You can unmount your disk by running the unmount command. You may want to unmount your disk to run a file system check, for example.

The umount command requires you to specify the device you want to unmount. You may specify this device in one of two ways:

  • Specify the device name itself:

    umount /dev/sda
    
  • Specify the mount directory:

    umount /media/sda
    

If you would like to mount or unmount additional disks on your system, repeat these instructions with the appropriate substitutions.

Change root

Changing root is the process of changing your working root directory. When you change root (abbreviated as chroot) to your root disk, you are able to run commands as though you are logged in to that system.

Chroot lets you change user passwords, remove/install packages, and do other system maintenance and recovery tasks in your Compute Instance's normal Linux environment.

  1. Create a new directory for your disk:

    mkdir -p /media/sda
    
  2. Before you use chroot, mount the root disk:

    mount -o exec,barrier=0 /dev/sda /media/sda
    

    📘

    If you mounted your disk without using the exec option before reviewing this section, include the remount option in your mount command:

    mount -o remount,exec,barrier=0 /dev/sda /media/sda
    
  3. To create the chroot, you need to mount the temporary filesystems:

    cd /media/sda
    mount -t proc proc proc/
    mount -t sysfs sys sys/
    mount -o bind /dev dev/
    mount -t devpts pts dev/pts/
    
  4. Chroot to your disk:

    chroot /media/sda /bin/bash
    
  5. Your Compute Instance may expect its other disks to be mounted in specific directories during its regular operations.
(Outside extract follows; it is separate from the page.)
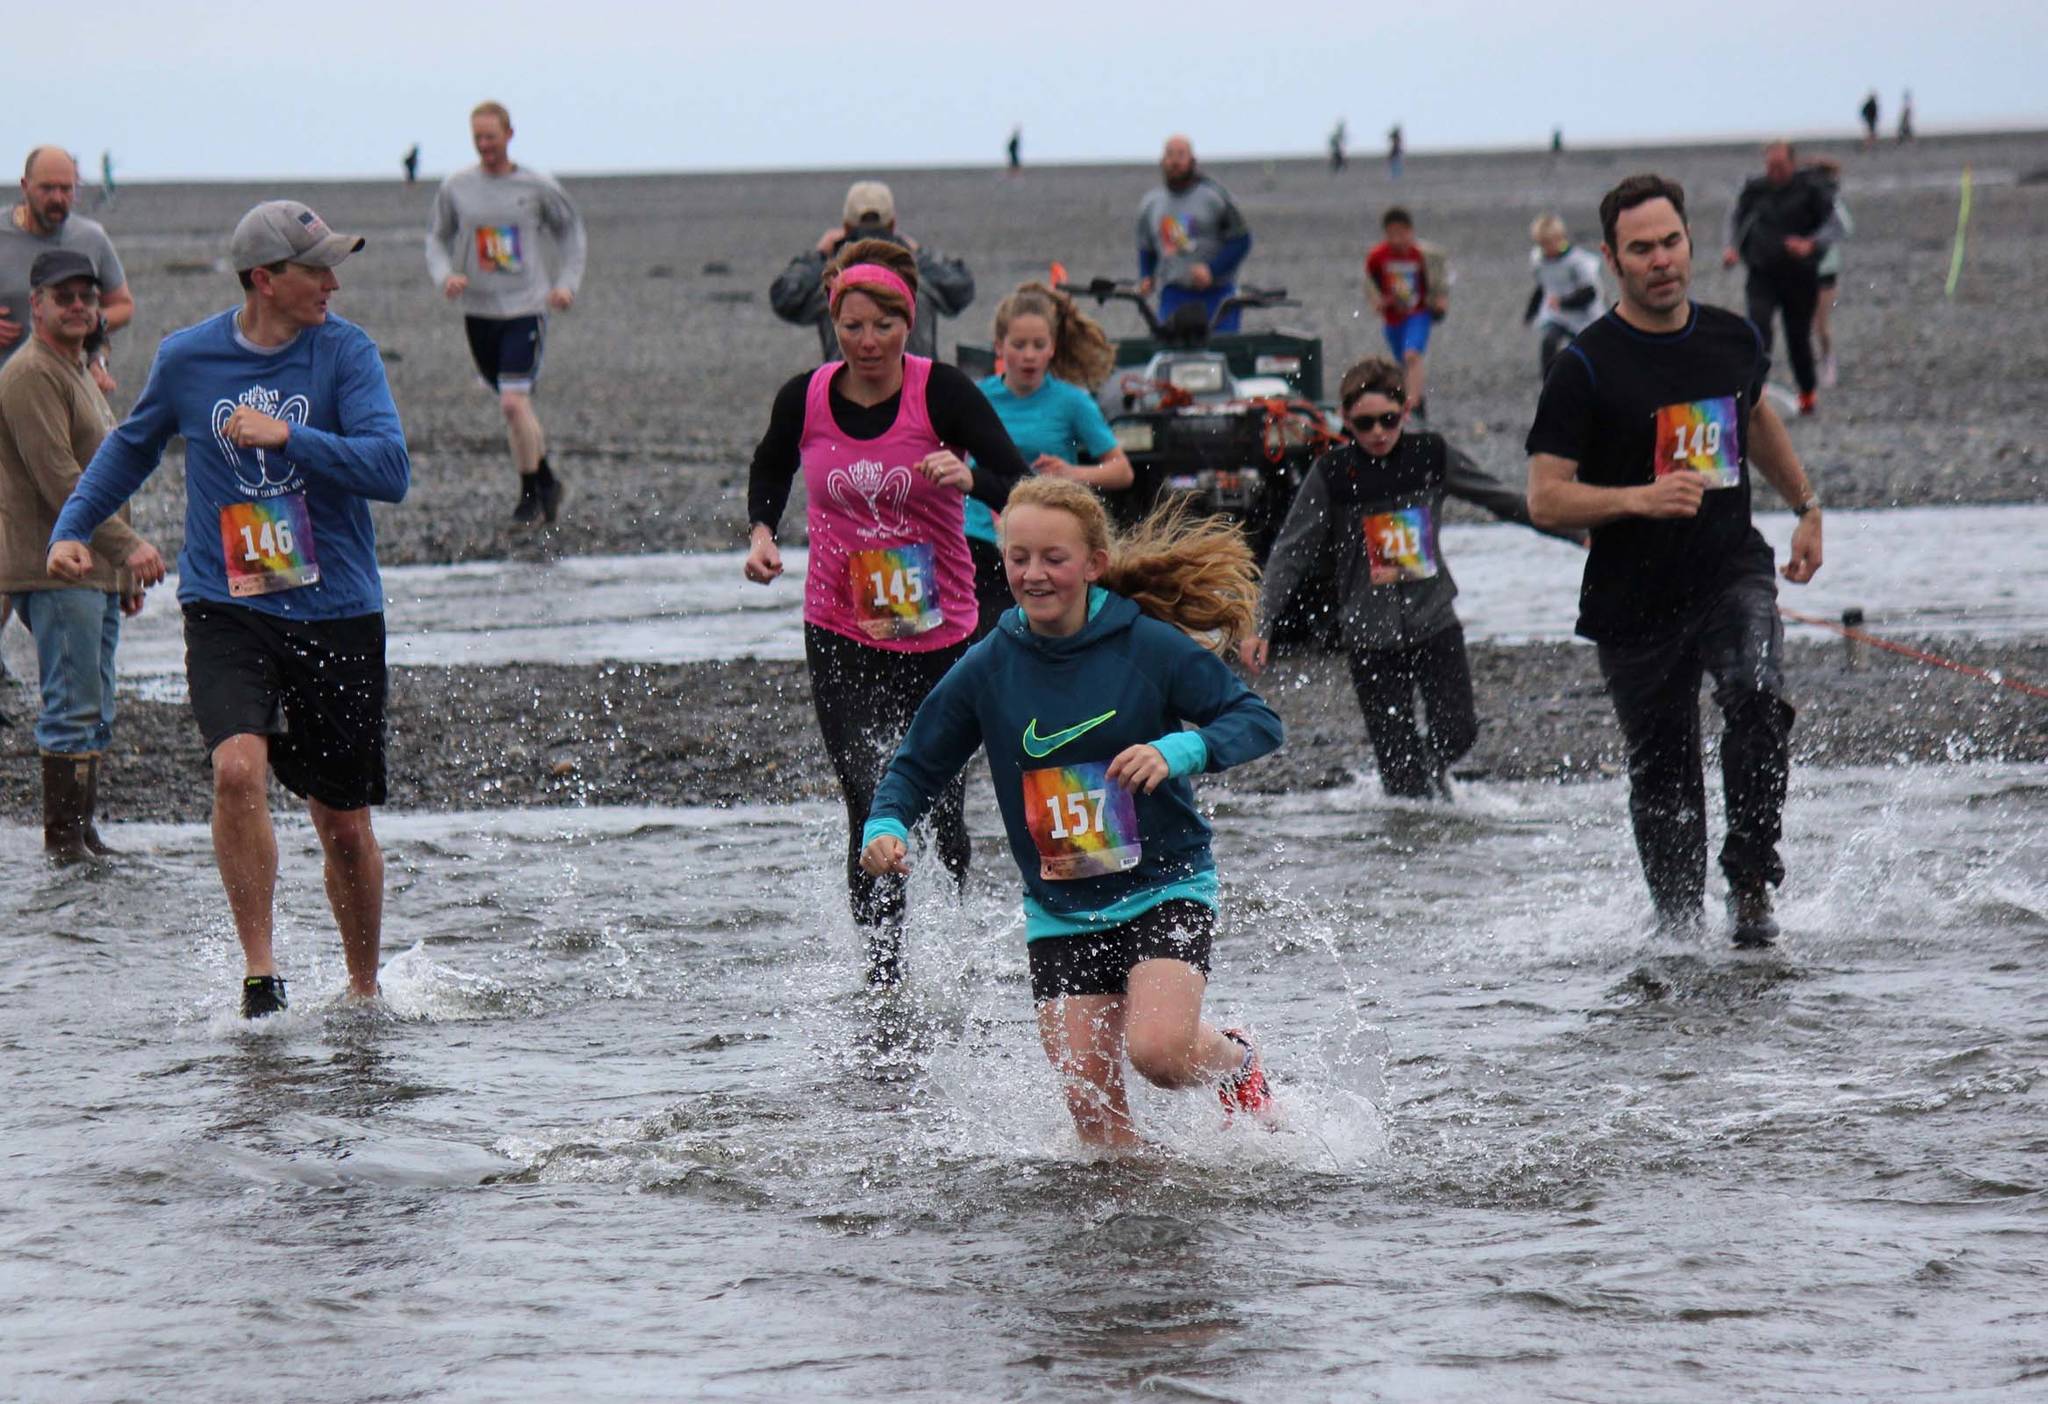 Undaunted by the rugged course, athletes young and old participate in Saturday’s 2019 Clam Scramble, a 5K fun run Saturday, June 15, 2019 in Ninilchik, Alaska. Kylee Verkulien, 157, leads this group of runners through the cold and fast-moving water at the mouth of Deep Creek. (Photo by McKibben Jackinsky)

These disks and their expected directories are defined in the /etc/fstab file. In order for these directories to be accessible within the chroot, you need to mount them from within the chroot. For example, if your Compute Instance defines /dev/sdc in its /etc/fstab, you can the following command to mount it:

    mount /dev/sdc
    

    📘

    This mount command only specifies a disk name without specifying a mount point. This causes mount to use the /etc/fstab file in the chroot to determine the mount point and apply the correct mount options.

    As a result, this command depends on you having made these disks available to your Rescue Mode environment under the same names that they use in your configuration profile.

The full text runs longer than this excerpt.